И Фрол умолк, словно в недоумении, словно только что сам услышал свои слова. А Никулина с упреком и горечью произнесла:
– Это у меня-то сотканные из одной радости…
Уже много лет клавдия Никулина жила отдельно от отца, в маленьком, всего в три оконца, деревянном домике. Жила тихо и строго, как монашка, и все ждала, ждала своего мужа, Федора Морозова, сына Пистимеи и Устина, с которым ей не пришлось даже и переночевать. Ранним августовским утром 1943 года ее жених вскочил верхом на подведенную ему лошадь и ускакал в военкомат. Рассеялась пыль из-под копыт – и словно не было на свете Федора Морозова.
А потом, спустя год, вызвал председатель колхоза, Захар Большаков, Клашку в контору, отворачивая лицо, дал ей маленький листок, на котором прыгали, как черные пауки, неровные буквы: «…Федор Устинович Морозов… геройски погиб в боях за деревню Усть-Каменку…»
– Нет, нет… Не может быть… – проговорила Клашка совсем спокойно. Только голос был тихий и бесцветный. И уж потом закричала и в беспамятстве упала на крашеный, чисто вымытый пол.
Потекли годы. Ложились на землю снега, таяли. Шумело травами заречье. Снова толстый слой снега покрывал их на долгие месяцы. Но проходило время – и он снова таял.

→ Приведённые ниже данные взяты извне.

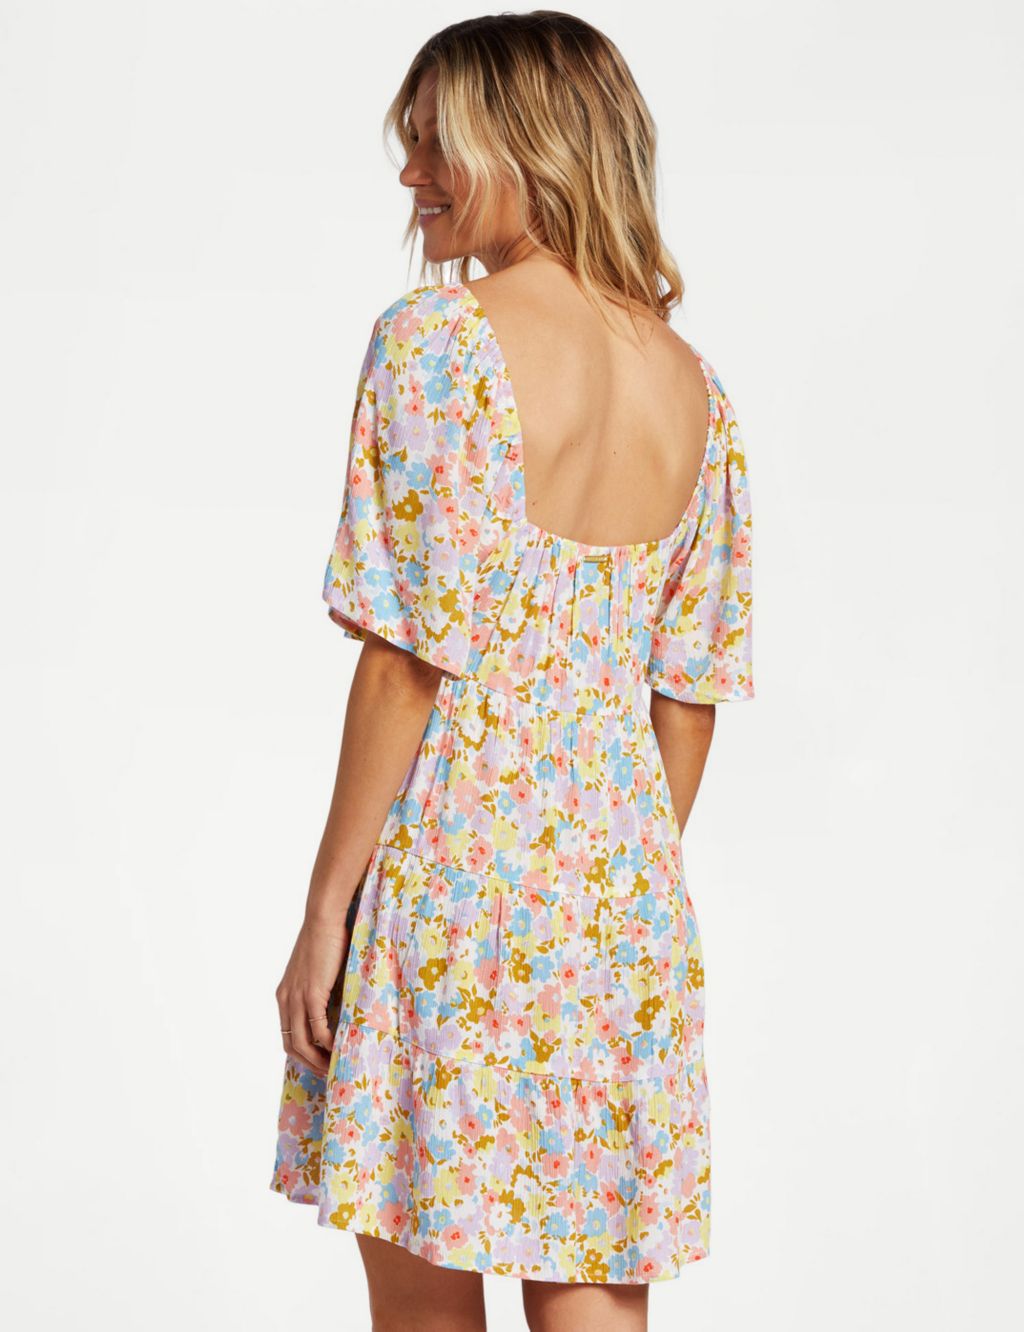 Take A Chance Floral Tiered Mini Dress 4 of 5

Клашке казалось: придет час – и ее женская тоска растает, распустится, как снег под солнцем, и выльется, стечет теплыми и радостными, облегчающими душу слезами. Это произойдет, когда вернется Федор.
И это казалось Клавдии уже почти двадцать лет.
Зеленодольские бабы смотрели на Клавдию с удивлением и женской жалостью, мужики – с уважением, а деревенские девчушки просто благоговели перед ней. Иринка Шатрова так вообще считала ее чуть ли не за святую. И только Илюшка Юргин иногда ронял в ее адрес грязноватые смешки, Андрон Овчинников глубокомысленно произносил при случае «сомневаюсь», да ее родной отец, Антип Никулин, слушая разговоры о Клашке, всегда вставлял в конце презрительное: «Хе!»
…Голоса молодежи в бараках по-прежнему не утихали. Только теперь не пели, а, кажется, затеяли танцы под гармонь. Промокшие поля, влажная темнота то и дело оглашались взрывами хохота.
– Это у меня-то сотканные из одной радости… – снова повторила Клавдия с упреком. Но горечи в ее голосе теперь не было. – Эх, Фрол, Фрол… Ну ладно, не хочешь поделиться своей печалью – не надо.
– Нечего мне делить, – упрямо проговорил Фрол. – И ничего со мной не происходит.
– Не вижу, что ли, я?
Курганов захлопал ладонью по траве, пытаясь отыскать табак. Клашка тоже пошарила в темноте, протянула ему кисет.
Огненные полосы на водной глади снова чуть заколыхались – потянуло ветерком. И кажется, стало чуть светлее, будто после всего получасовой ночи вдруг наступил рассвет.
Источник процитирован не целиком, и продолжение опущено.